Provided entries section start

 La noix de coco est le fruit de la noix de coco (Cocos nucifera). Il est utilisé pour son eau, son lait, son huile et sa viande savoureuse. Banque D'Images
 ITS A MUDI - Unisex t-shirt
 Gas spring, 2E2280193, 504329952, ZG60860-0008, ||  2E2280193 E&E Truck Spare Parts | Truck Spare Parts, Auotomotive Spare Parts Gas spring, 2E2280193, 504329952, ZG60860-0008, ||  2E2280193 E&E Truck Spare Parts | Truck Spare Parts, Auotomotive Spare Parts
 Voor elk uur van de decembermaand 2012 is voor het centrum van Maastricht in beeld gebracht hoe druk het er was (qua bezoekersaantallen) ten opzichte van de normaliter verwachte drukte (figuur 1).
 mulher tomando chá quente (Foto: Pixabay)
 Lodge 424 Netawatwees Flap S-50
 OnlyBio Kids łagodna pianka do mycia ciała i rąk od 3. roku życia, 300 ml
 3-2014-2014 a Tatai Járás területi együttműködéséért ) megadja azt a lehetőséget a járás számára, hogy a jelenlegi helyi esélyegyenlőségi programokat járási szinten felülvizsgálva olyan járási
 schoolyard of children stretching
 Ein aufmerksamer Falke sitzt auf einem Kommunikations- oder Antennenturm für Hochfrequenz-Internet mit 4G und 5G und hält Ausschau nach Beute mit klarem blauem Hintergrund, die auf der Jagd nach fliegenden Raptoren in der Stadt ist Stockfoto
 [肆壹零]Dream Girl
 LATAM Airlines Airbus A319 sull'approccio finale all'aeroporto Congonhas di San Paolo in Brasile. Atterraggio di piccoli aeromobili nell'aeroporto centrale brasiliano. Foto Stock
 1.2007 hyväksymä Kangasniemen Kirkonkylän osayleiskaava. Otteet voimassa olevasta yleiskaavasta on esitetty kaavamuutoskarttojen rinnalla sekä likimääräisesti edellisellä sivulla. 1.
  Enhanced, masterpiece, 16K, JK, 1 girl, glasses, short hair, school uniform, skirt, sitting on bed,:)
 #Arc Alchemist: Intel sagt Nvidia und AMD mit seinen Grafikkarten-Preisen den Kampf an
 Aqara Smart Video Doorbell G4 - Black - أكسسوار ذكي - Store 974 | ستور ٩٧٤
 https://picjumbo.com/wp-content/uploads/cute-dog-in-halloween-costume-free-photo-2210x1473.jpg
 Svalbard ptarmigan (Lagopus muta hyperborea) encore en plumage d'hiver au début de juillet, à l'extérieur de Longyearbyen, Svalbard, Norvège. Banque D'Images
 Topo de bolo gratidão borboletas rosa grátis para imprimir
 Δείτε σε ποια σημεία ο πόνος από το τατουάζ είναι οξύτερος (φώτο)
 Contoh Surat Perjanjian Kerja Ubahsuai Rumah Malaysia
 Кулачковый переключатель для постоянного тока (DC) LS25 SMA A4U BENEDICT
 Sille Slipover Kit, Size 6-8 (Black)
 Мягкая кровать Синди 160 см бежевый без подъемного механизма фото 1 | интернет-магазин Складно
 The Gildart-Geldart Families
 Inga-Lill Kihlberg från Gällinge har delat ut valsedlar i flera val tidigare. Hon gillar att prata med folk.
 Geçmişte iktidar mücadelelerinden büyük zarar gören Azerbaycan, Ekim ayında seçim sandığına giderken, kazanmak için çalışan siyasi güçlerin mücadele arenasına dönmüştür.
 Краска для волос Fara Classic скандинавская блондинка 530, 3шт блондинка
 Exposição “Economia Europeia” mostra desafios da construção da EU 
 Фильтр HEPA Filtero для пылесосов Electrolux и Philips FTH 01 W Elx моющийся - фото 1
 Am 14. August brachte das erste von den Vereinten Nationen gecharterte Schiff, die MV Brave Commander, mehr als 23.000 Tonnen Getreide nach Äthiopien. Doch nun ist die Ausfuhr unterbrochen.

Provided entries section end

### Exercise
All of the records above are to be repeated exactly.

### Solution to this problem
 La noix de coco est le fruit de la noix de coco (Cocos nucifera). Il est utilisé pour son eau, son lait, son huile et sa viande savoureuse. Banque D'Images
 ITS A MUDI - Unisex t-shirt
 Gas spring, 2E2280193, 504329952, ZG60860-0008, ||  2E2280193 E&E Truck Spare Parts | Truck Spare Parts, Auotomotive Spare Parts Gas spring, 2E2280193, 504329952, ZG60860-0008, ||  2E2280193 E&E Truck Spare Parts | Truck Spare Parts, Auotomotive Spare Parts
 Voor elk uur van de decembermaand 2012 is voor het centrum van Maastricht in beeld gebracht hoe druk het er was (qua bezoekersaantallen) ten opzichte van de normaliter verwachte drukte (figuur 1).
 mulher tomando chá quente (Foto: Pixabay)
 Lodge 424 Netawatwees Flap S-50
 OnlyBio Kids łagodna pianka do mycia ciała i rąk od 3. roku życia, 300 ml
 3-2014-2014 a Tatai Járás területi együttműködéséért ) megadja azt a lehetőséget a járás számára, hogy a jelenlegi helyi esélyegyenlőségi programokat járási szinten felülvizsgálva olyan járási
 schoolyard of children stretching
 Ein aufmerksamer Falke sitzt auf einem Kommunikations- oder Antennenturm für Hochfrequenz-Internet mit 4G und 5G und hält Ausschau nach Beute mit klarem blauem Hintergrund, die auf der Jagd nach fliegenden Raptoren in der Stadt ist Stockfoto
 [肆壹零]Dream Girl
 LATAM Airlines Airbus A319 sull'approccio finale all'aeroporto Congonhas di San Paolo in Brasile. Atterraggio di piccoli aeromobili nell'aeroporto centrale brasiliano. Foto Stock
 1.2007 hyväksymä Kangasniemen Kirkonkylän osayleiskaava. Otteet voimassa olevasta yleiskaavasta on esitetty kaavamuutoskarttojen rinnalla sekä likimääräisesti edellisellä sivulla. 1.
  Enhanced, masterpiece, 16K, JK, 1 girl, glasses, short hair, school uniform, skirt, sitting on bed,:)
 #Arc Alchemist: Intel sagt Nvidia und AMD mit seinen Grafikkarten-Preisen den Kampf an
 Aqara Smart Video Doorbell G4 - Black - أكسسوار ذكي - Store 974 | ستور ٩٧٤
 https://picjumbo.com/wp-content/uploads/cute-dog-in-halloween-costume-free-photo-2210x1473.jpg
 Svalbard ptarmigan (Lagopus muta hyperborea) encore en plumage d'hiver au début de juillet, à l'extérieur de Longyearbyen, Svalbard, Norvège. Banque D'Images
 Topo de bolo gratidão borboletas rosa grátis para imprimir
 Δείτε σε ποια σημεία ο πόνος από το τατουάζ είναι οξύτερος (φώτο)
 Contoh Surat Perjanjian Kerja Ubahsuai Rumah Malaysia
 Кулачковый переключатель для постоянного тока (DC) LS25 SMA A4U BENEDICT
 Sille Slipover Kit, Size 6-8 (Black)
 Мягкая кровать Синди 160 см бежевый без подъемного механизма фото 1 | интернет-магазин Складно
 The Gildart-Geldart Families
 Inga-Lill Kihlberg från Gällinge har delat ut valsedlar i flera val tidigare. Hon gillar att prata med folk.
 Geçmişte iktidar mücadelelerinden büyük zarar gören Azerbaycan, Ekim ayında seçim sandığına giderken, kazanmak için çalışan siyasi güçlerin mücadele arenasına dönmüştür.
 Краска для волос Fara Classic скандинавская блондинка 530, 3шт блондинка
 Exposição “Economia Europeia” mostra desafios da construção da EU 
 Фильтр HEPA Filtero для пылесосов Electrolux и Philips FTH 01 W Elx моющийся - фото 1
 Am 14. August brachte das erste von den Vereinten Nationen gecharterte Schiff, die MV Brave Commander, mehr als 23.000 Tonnen Getreide nach Äthiopien. Doch nun ist die Ausfuhr unterbrochen.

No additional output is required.